Other “Wheeler Moments” for Miller include the time she was having trouble with the latch on a thousand-dollar bracelet, and it turned out a guest was a jeweler, among numerous others.

These sort of coincidences happen all the time in someone’s life. But the difference – says the former owner of Old Wheeler Hotel – is that they happen more often in this placid little place. Winston Laszlo helped coin the phrase after he and a handful of others noticed the phenomenon.

“I'd say that the ‘Wheeler Moment’ is the result of some sort of spiritual vortex that apparently exists in this little corner of the Oregon coast,” Laszlo said. “It seems that the vortex - or whatever it is – causes wishes and visions to become manifest at a higher than normal frequency here.

Old Wheeler Hotel

“I believe ‘funky coincidences’ occur all the time. It's just that apparently that property of nature is stronger around here. The phenomenon occurs here at a much higher frequency - and at a higher speed - than elsewhere. Whether it has to do with the geography of the area, or the meteorology, or maybe even the human history, it is something that you have to experience for yourself.”

Like ‘LOST,’ with its strangely intertwined coincidences, the little town seems to yield more layers all the time.

Another famous Wheeler Moment is the newlywed couple who came to town and began to become entranced by it. They started thinking about living here. As they wandered the streets, looking at homes for sale, they discovered a telephone in front that had a heart with two sets of initials scratched into it – the same initials as theirs.

Like ‘LOST,’ with its strangely intertwined coincidences, the little town seems to yield more layers all the time. LOST is also typified by people who were unknowingly tied together in surprising ways – and this place is doling that out as well.

"Spirit orbs" photographed by a ghost hunting group outside the basement of the Old Wheeler Hotel.

Laszlo said a few years after starting the Old Wheeler Hotel, his family discovered a distant family member had spent time in that building already decades ago. His family is from other states, and somehow one ended up in this tiny little place that most Oregonians haven’t even heard of.

The list of these tales goes on as well.

Also like the island on LOST, there’s a lot of ghosts.

Nehalem Bay is comprised of Wheeler as well as the little towns of Nehalem and Manzanita – the latter is right on the beach. Each has their own little ghost tale or two, but Wheeler has the most.

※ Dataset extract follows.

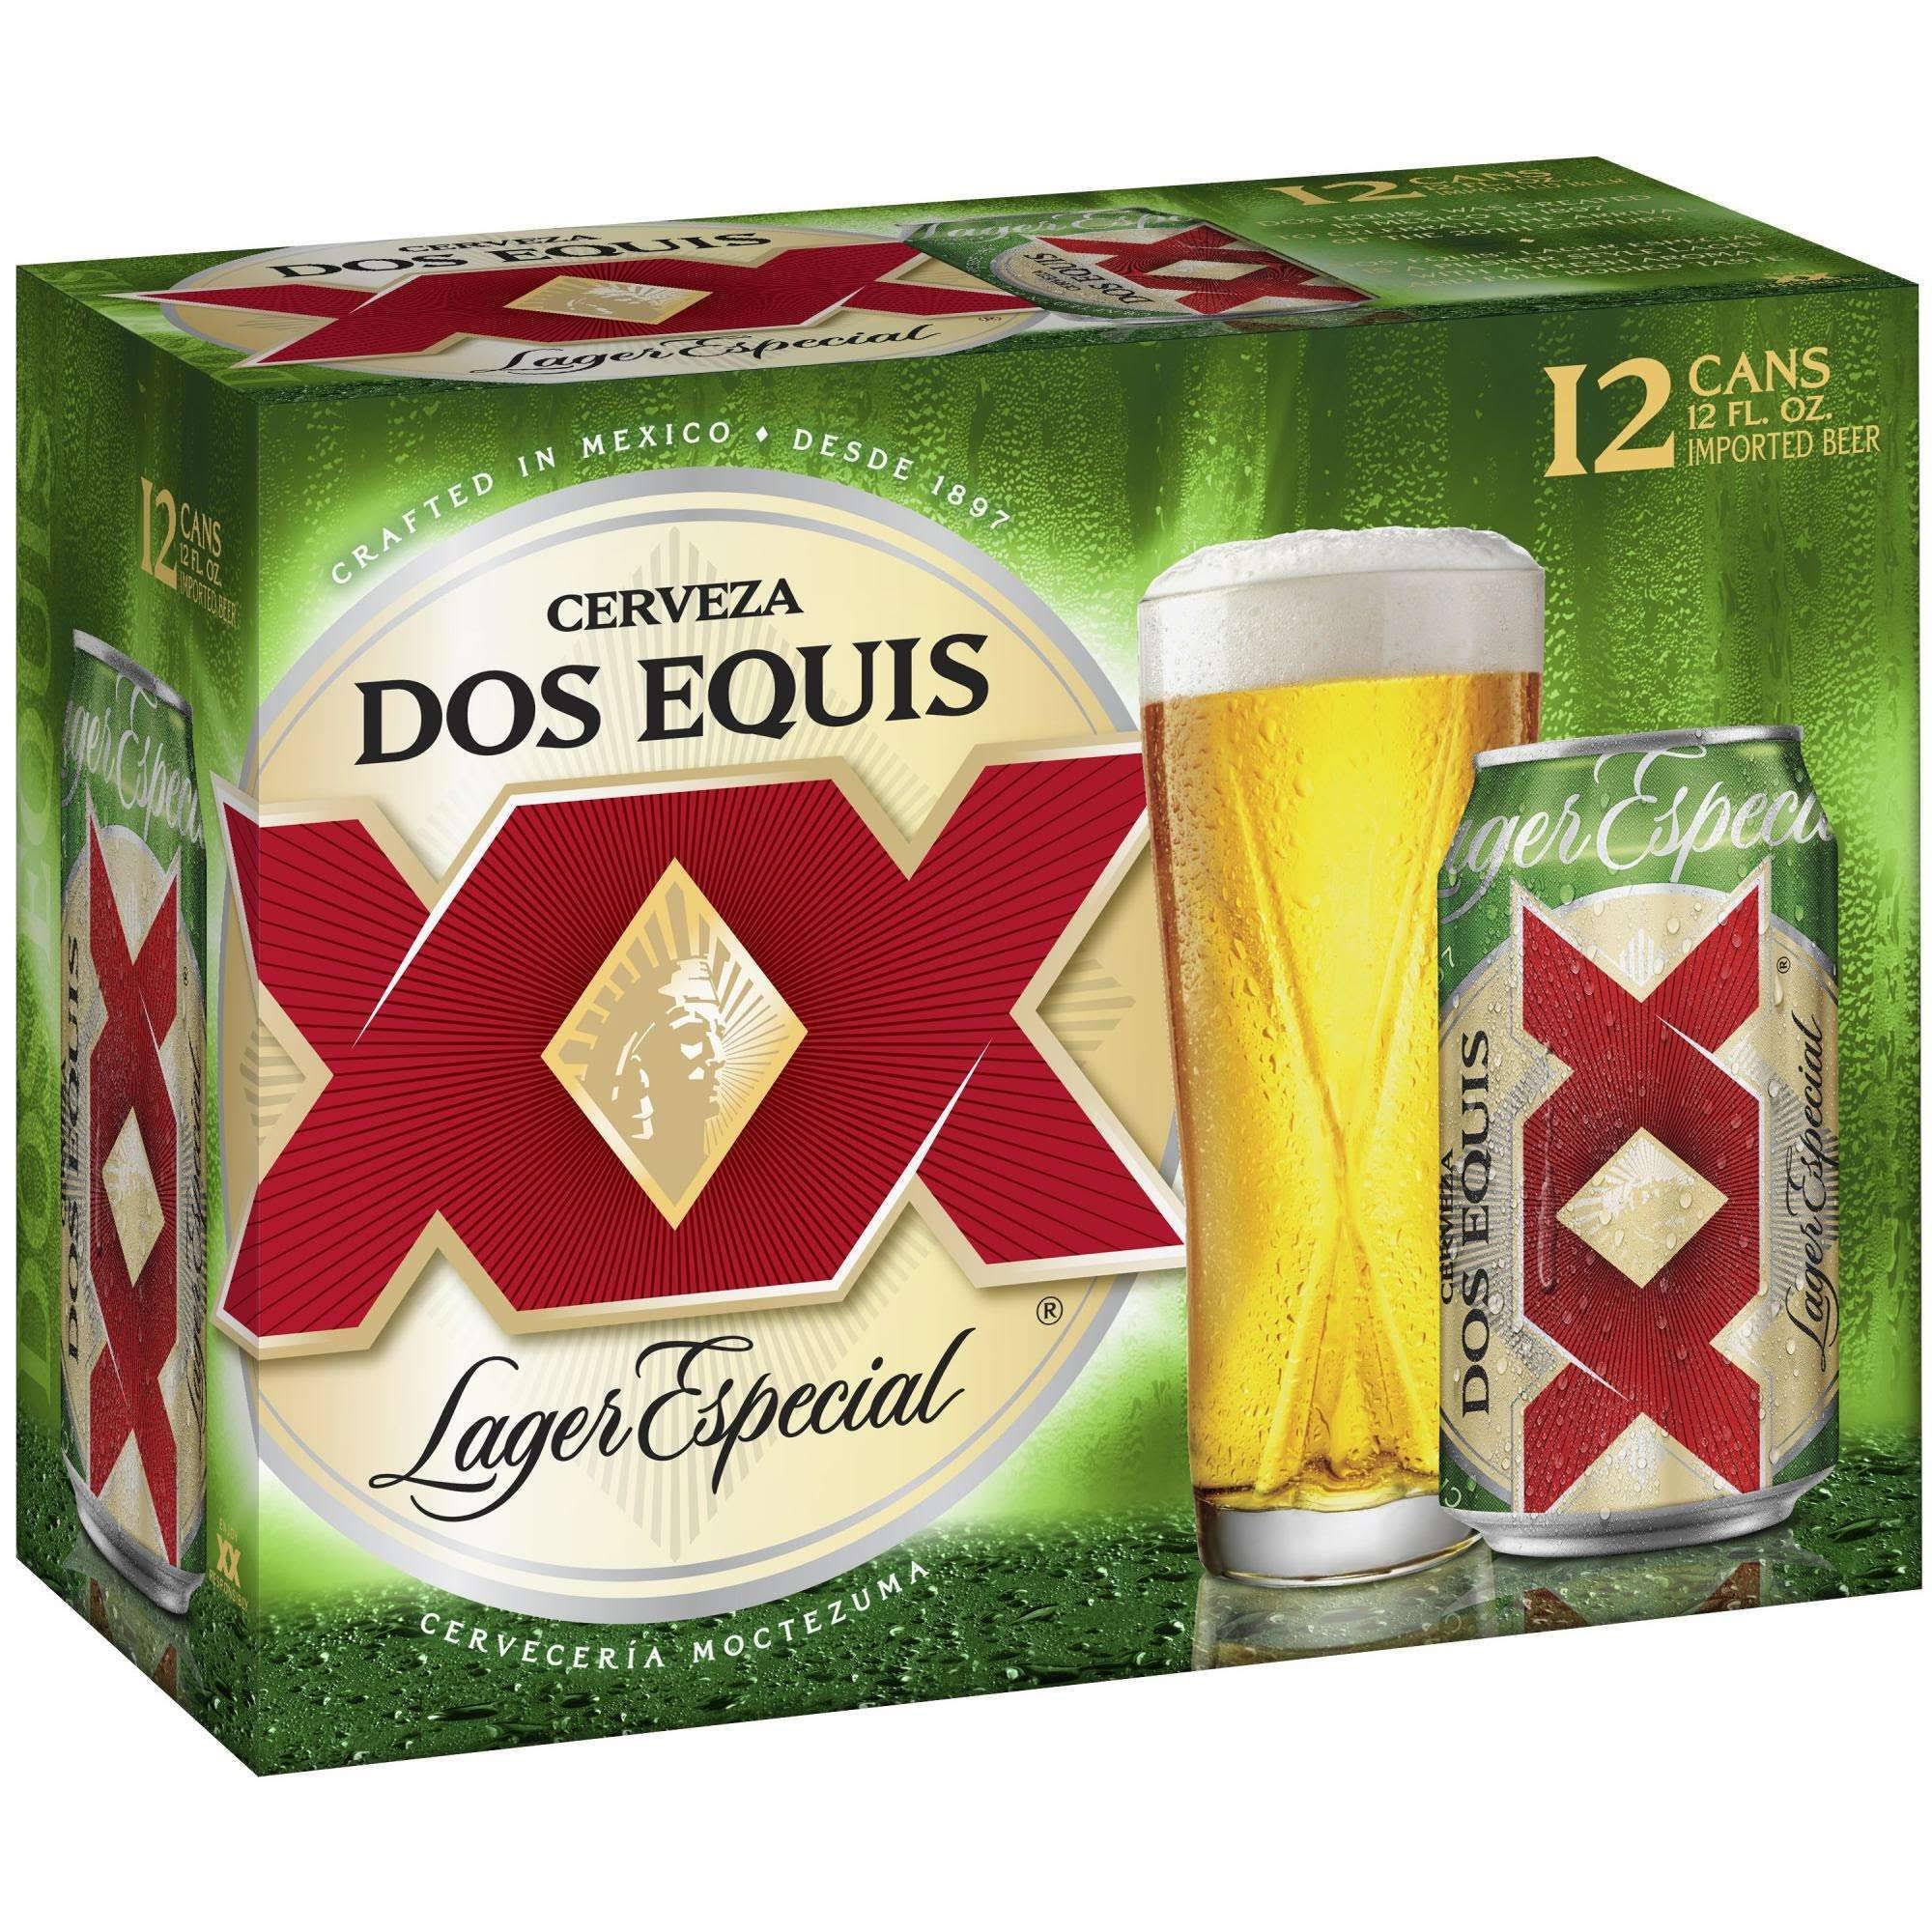 Dos Equis Lager Especial Beer - 12 Cans

The Old Wheeler Hotel is a standout, most notably its haunted beginnings. Laszlo said as he and has wife started refurbishing the dilapidated building into the glory it is now, the building seemed to be fighting them. For much of that year and a half, one oddball disaster after another set them back.

Then, one day, the building seemed to accept them and stop fighting them, and the remodeling went smoothly.

Meanwhile, there had already been rumors the building – once a clinic – was pretty haunted. In fact, local business owner Amy Dunlap said the structure was sold to the Laszlo’s by her mother years ago. But Amy would not go in the building.

The stage at the nearby winery is said to be inhabited by something otherwordly.

Later, more than one group of ghost hunter has wandered through the hotel. One caught pictures of what may be “spirit orbs” outside the hotel’s basement.

The local wateringhole The Sea Shack has rumors of hauntings. At the very northern end of Wheeler, a woman got the permits to have her own home burned down in the 90’s, saying it was haunted by children of native tribes.

On the outskirts of town, the Nehalem Bay Winery has abundance of spooky tales as well, cajoling two groups of ghost hunters. One group said they encountered the spirit of a young girl playing in the place, happy to carouse by herself there in the afterlife.